WHAT YOU WILL DO: Begin at the line that holds "Ayın Yazarı - Stefan Zweig" and retype every line through the end of the material, both included. Leave out the pictures.

EXERCISE DATA:

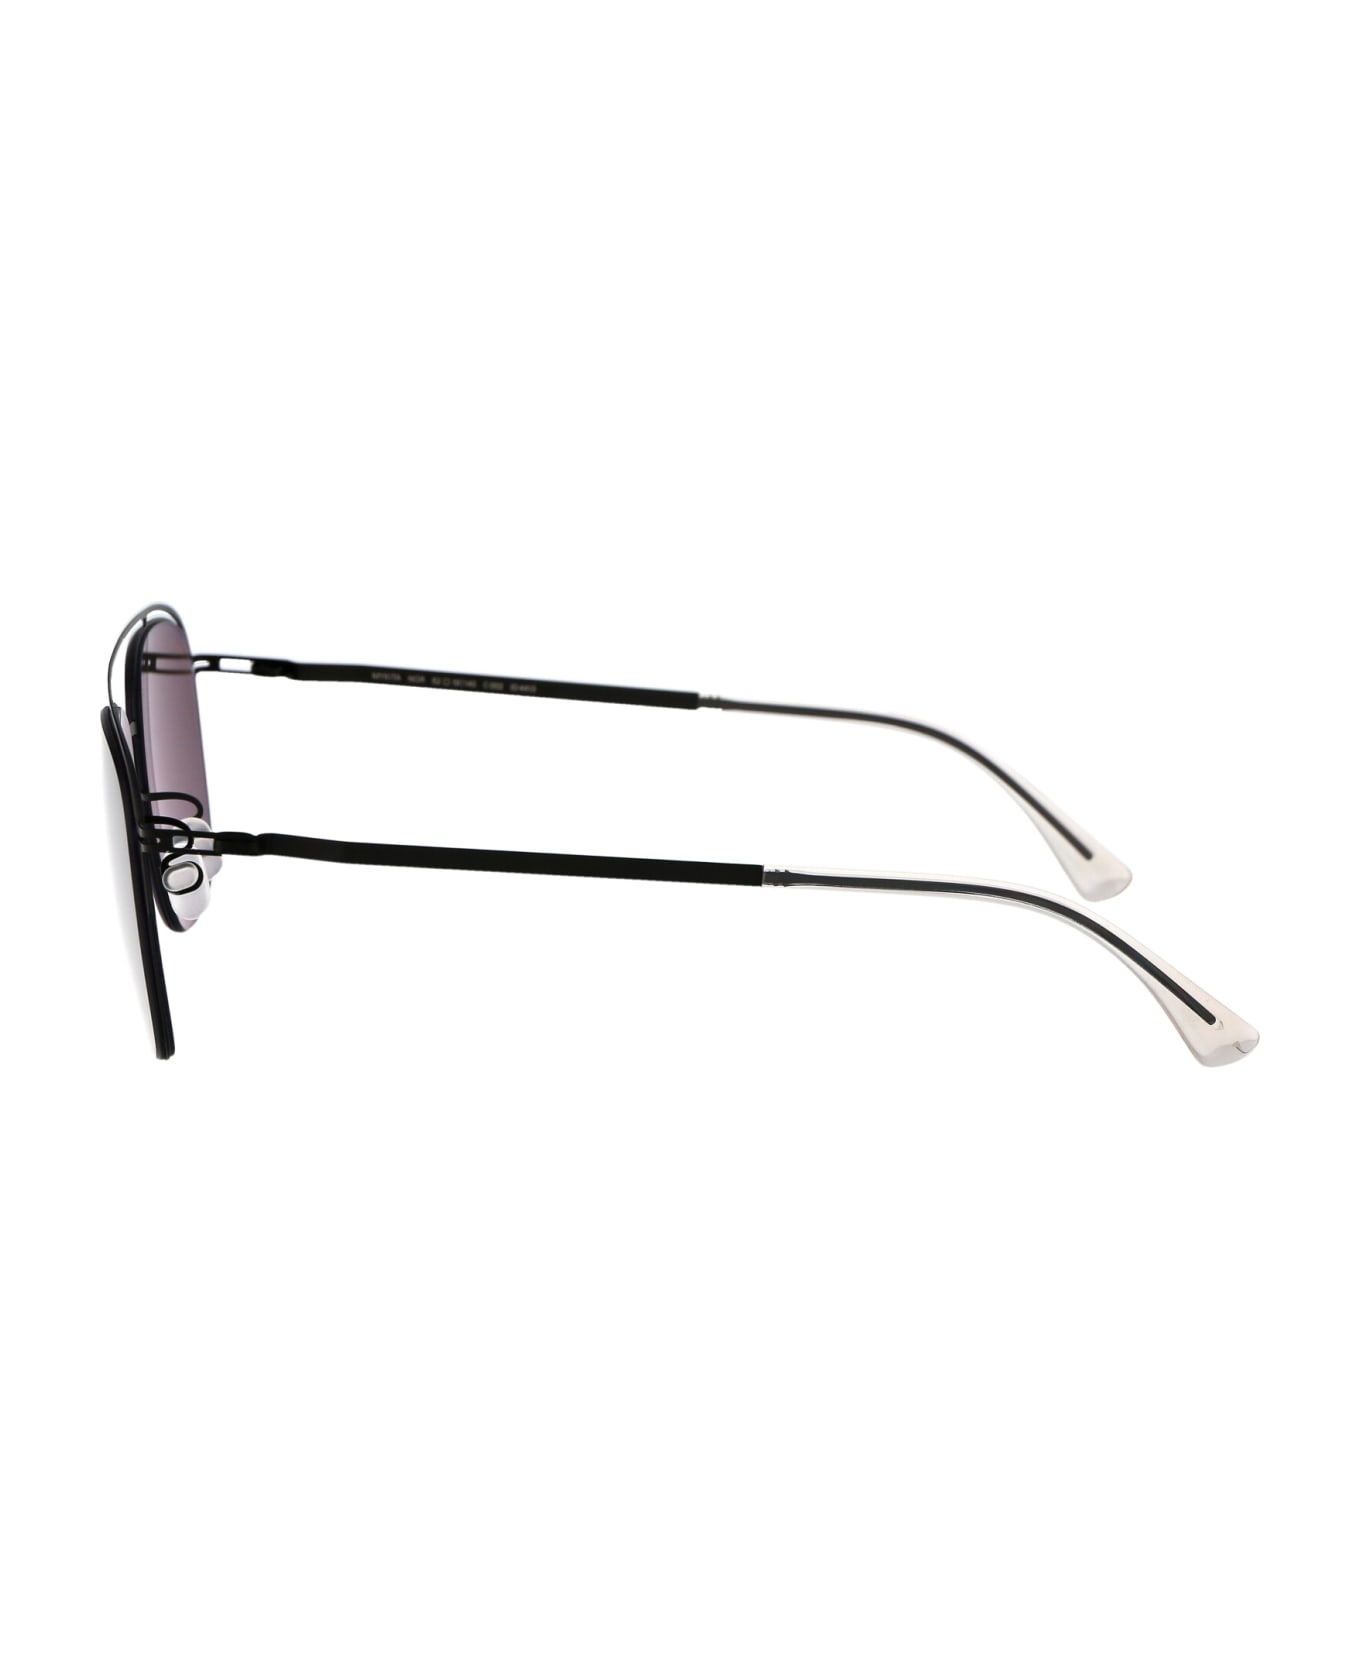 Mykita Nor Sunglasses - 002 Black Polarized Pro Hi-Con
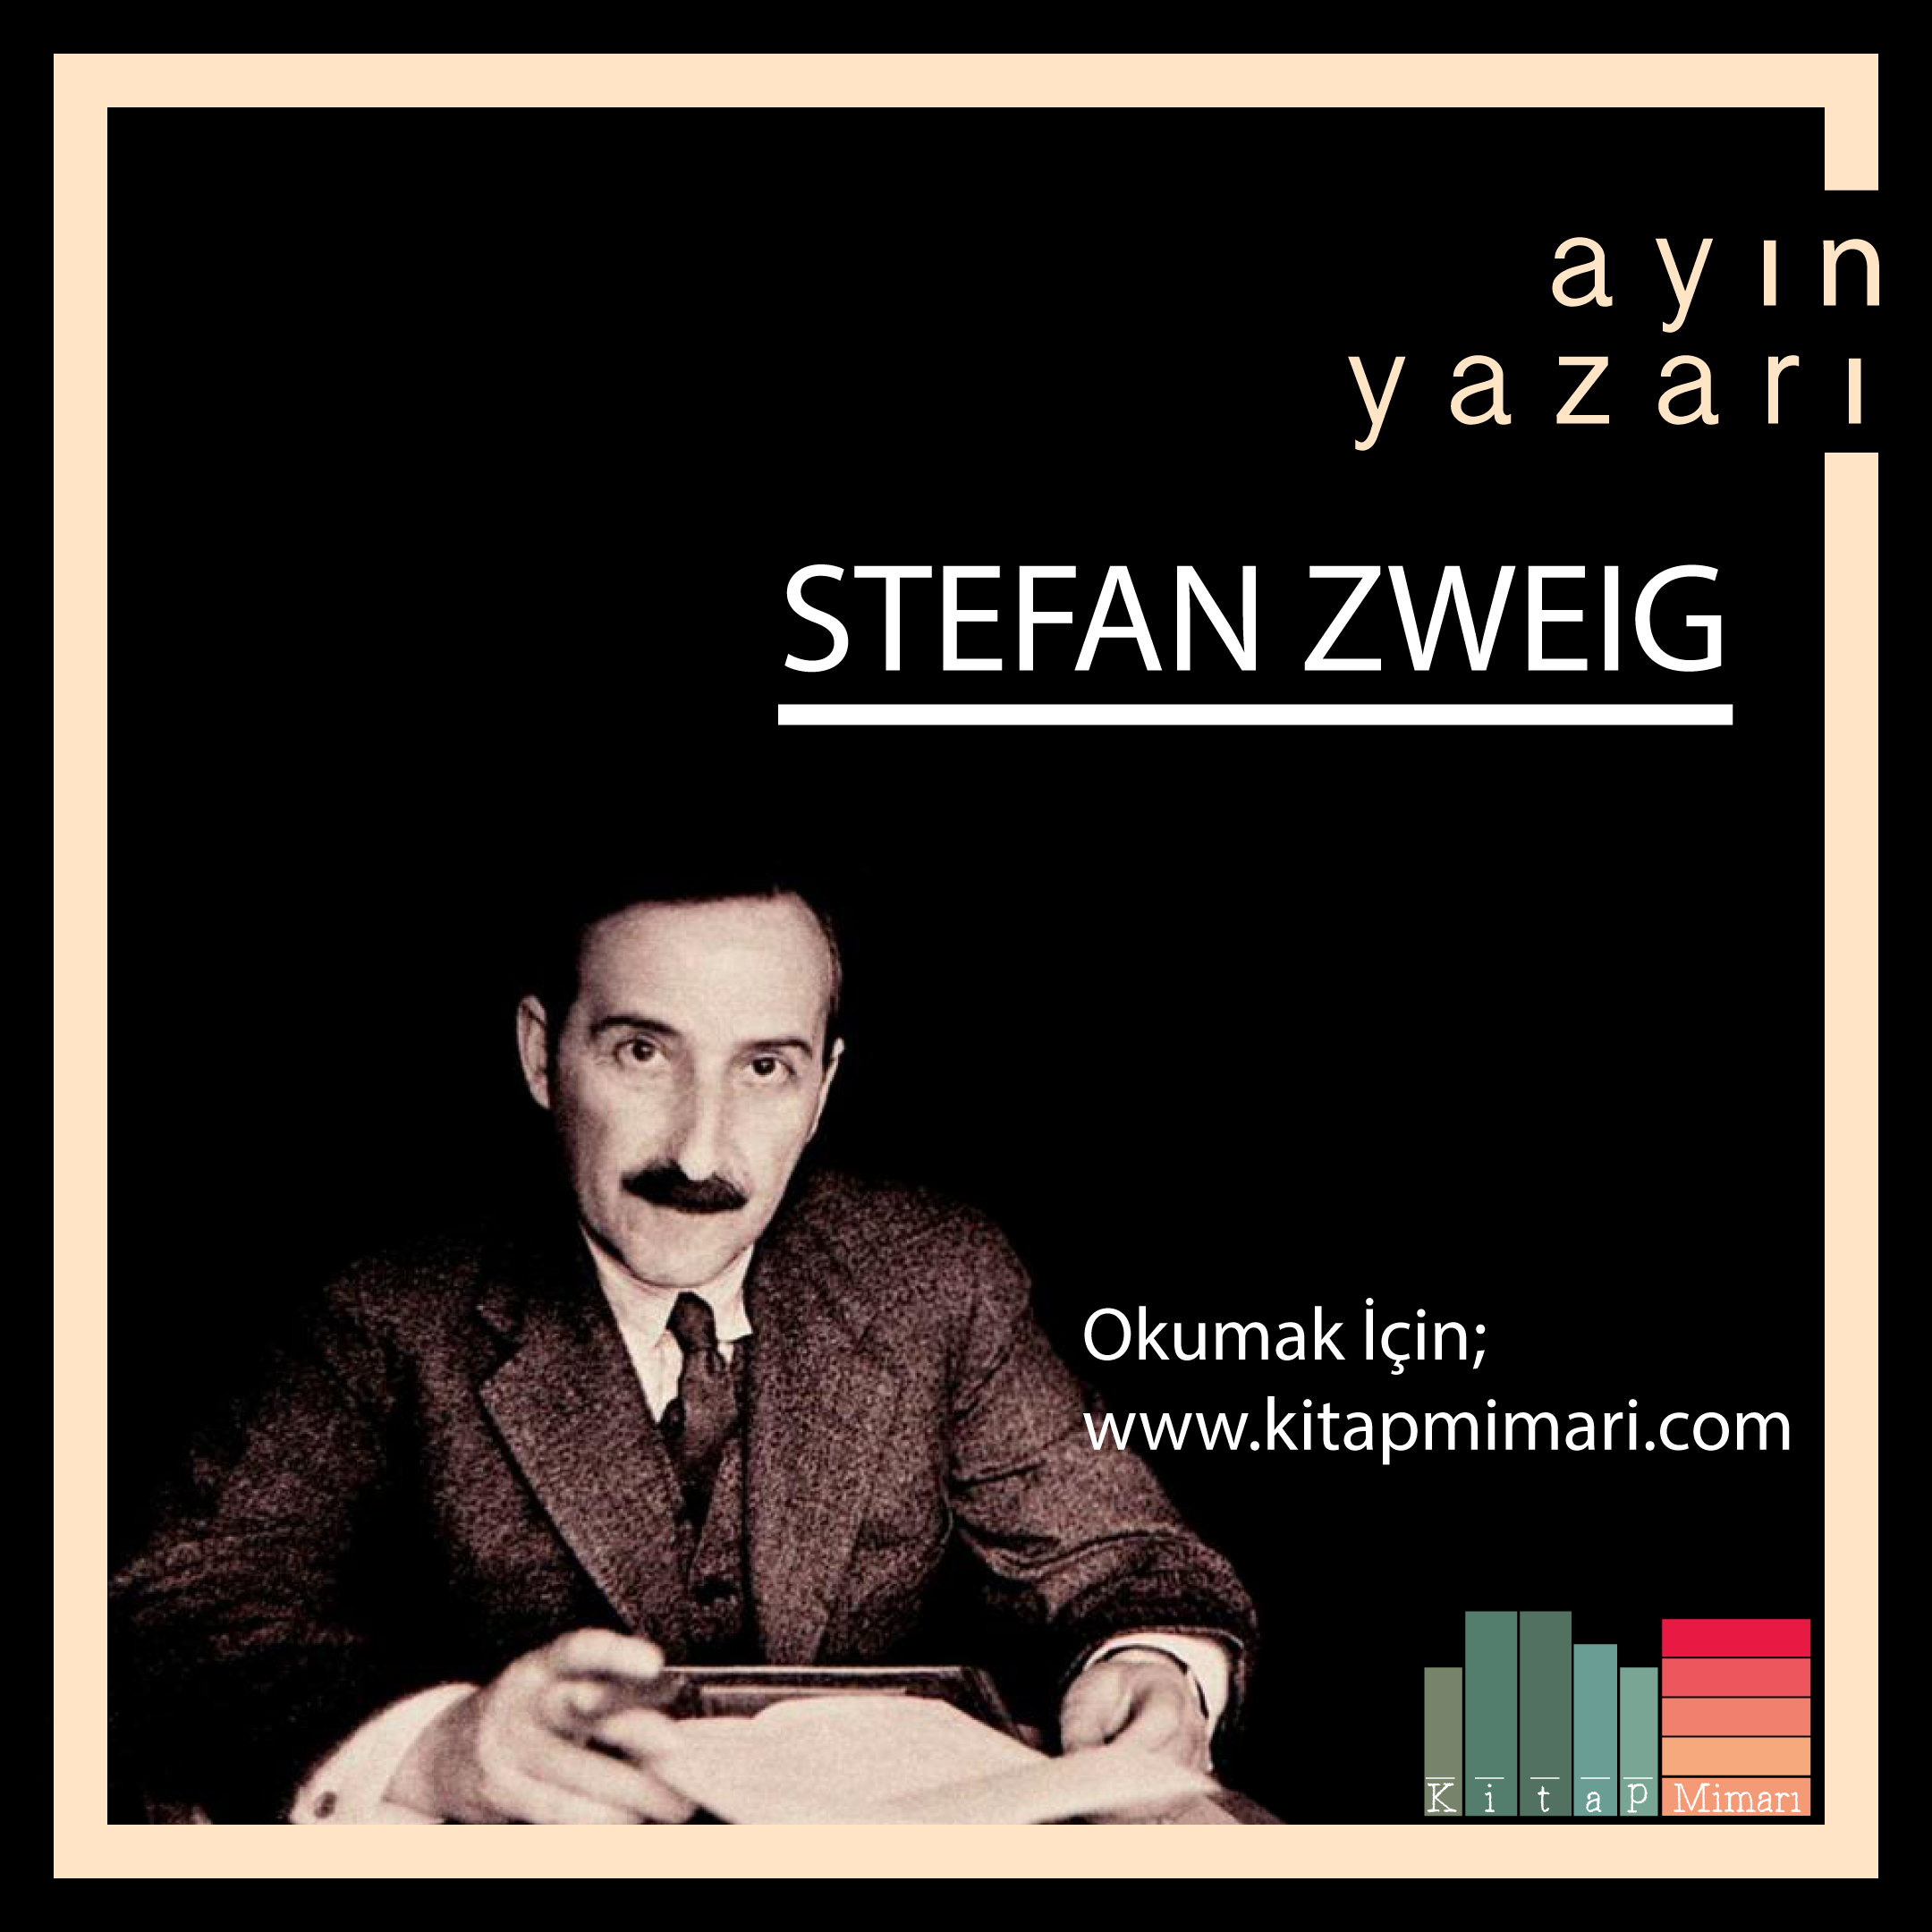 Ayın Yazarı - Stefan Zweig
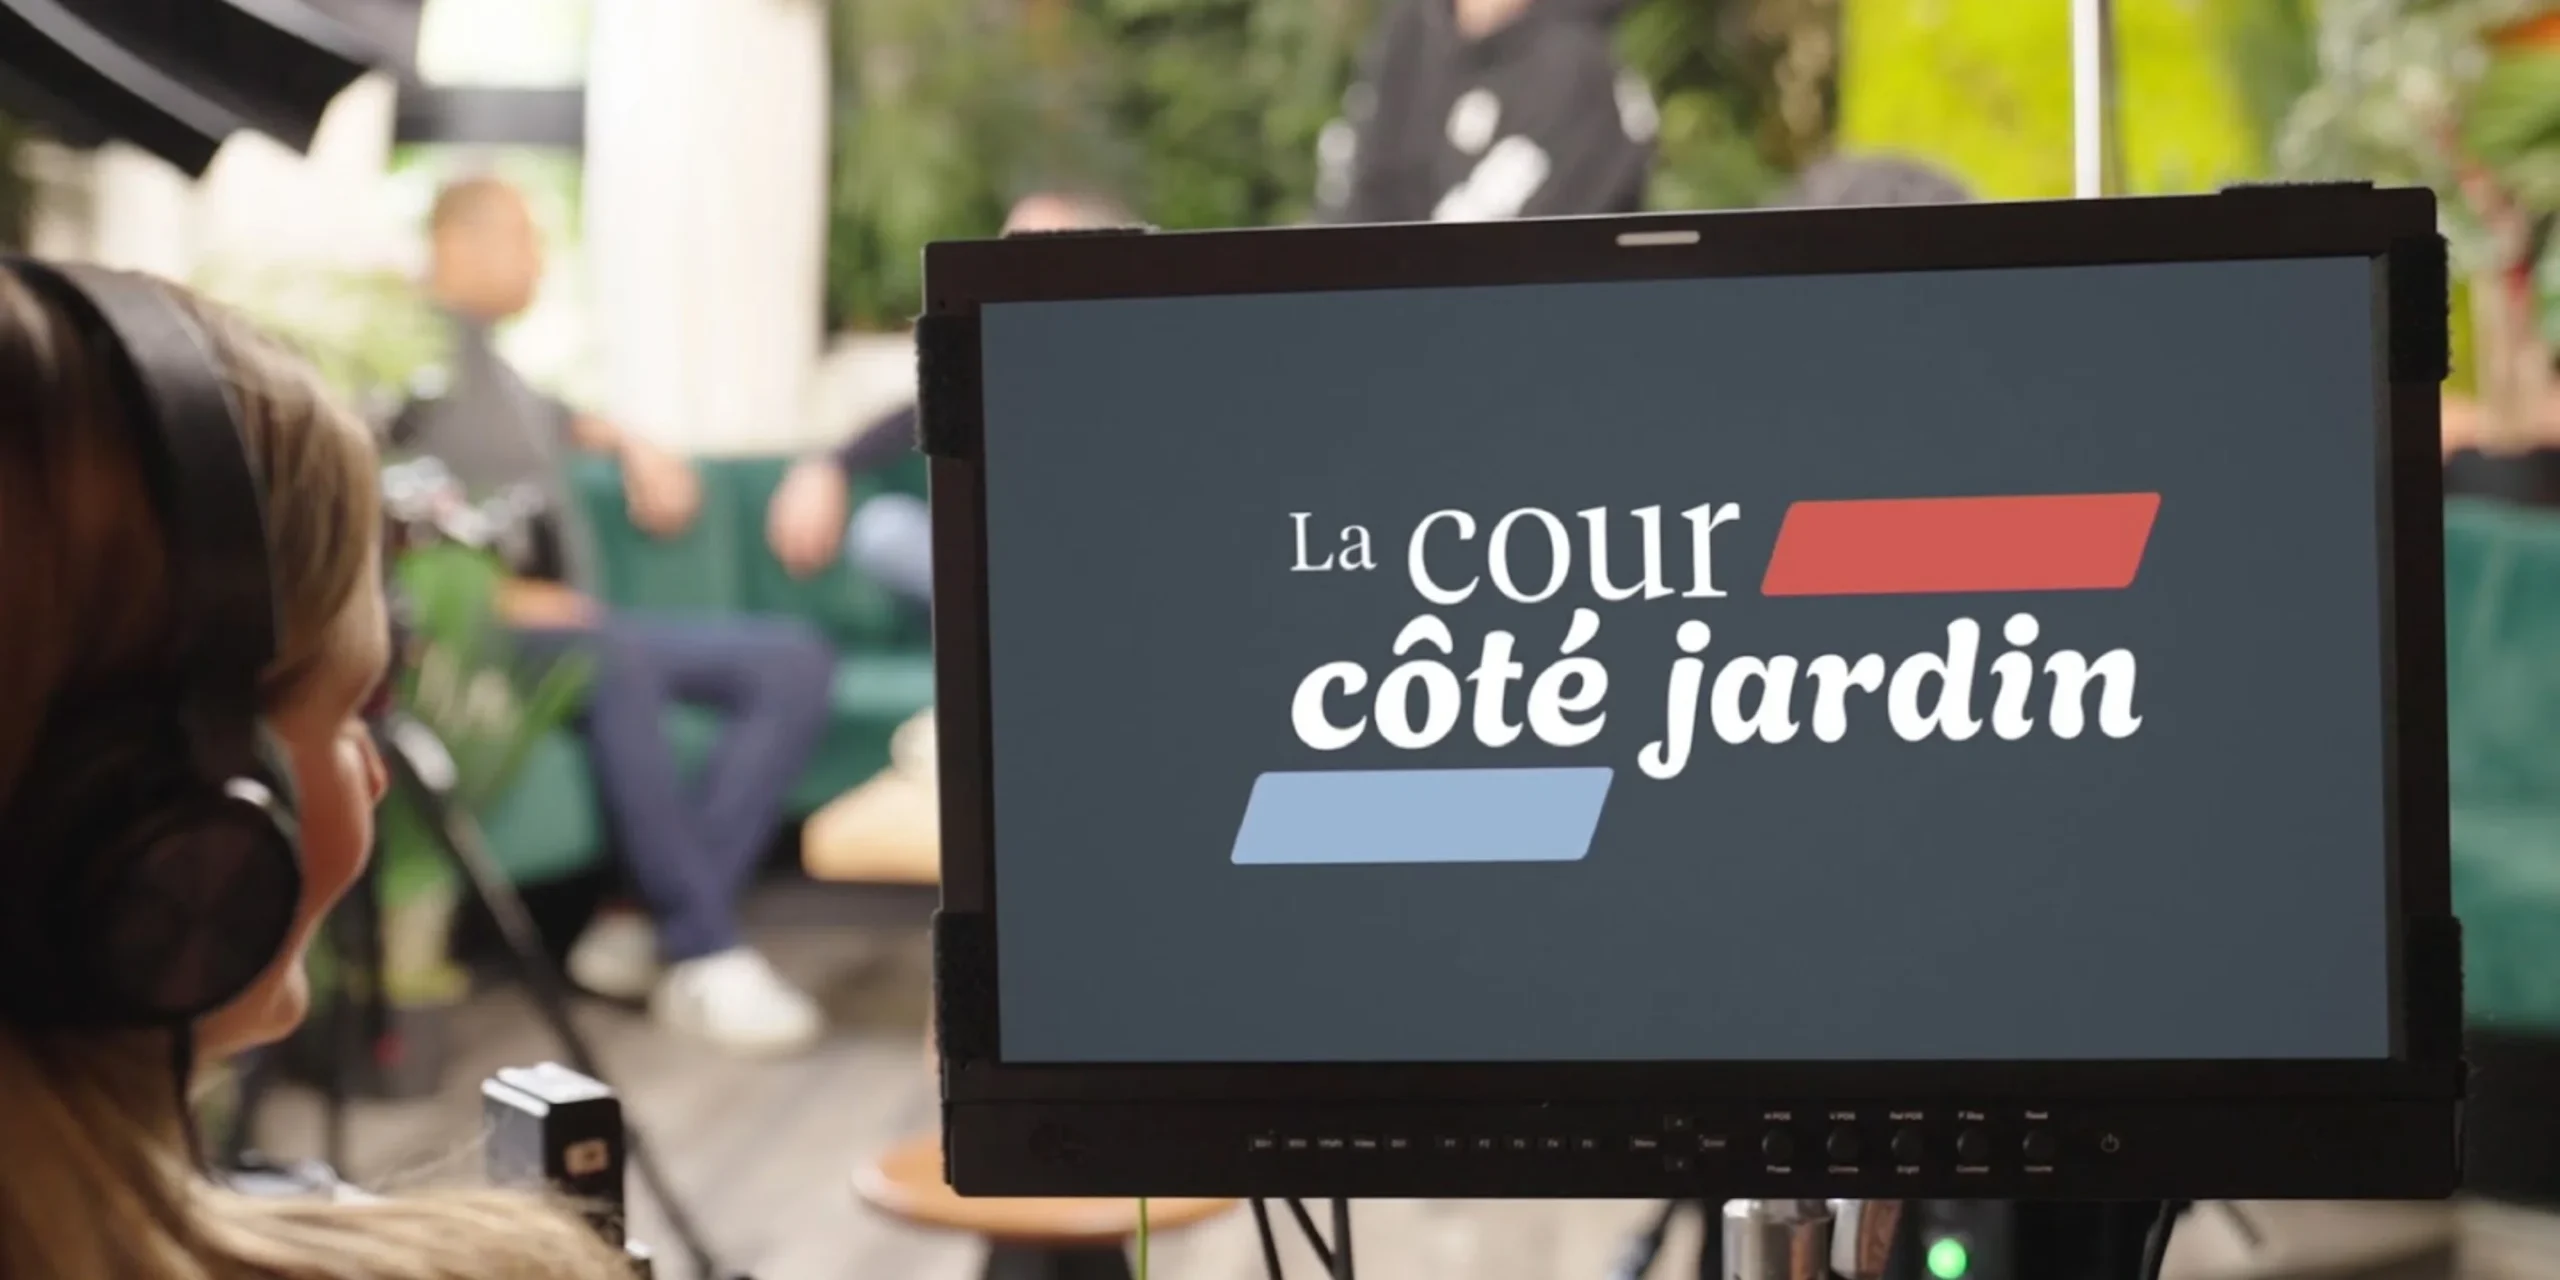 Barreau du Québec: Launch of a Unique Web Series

SOLUTION TO THIS EXERCISE:
 Ayın Yazarı - Stefan Zweig
 Barreau du Québec: Launch of a Unique Web Series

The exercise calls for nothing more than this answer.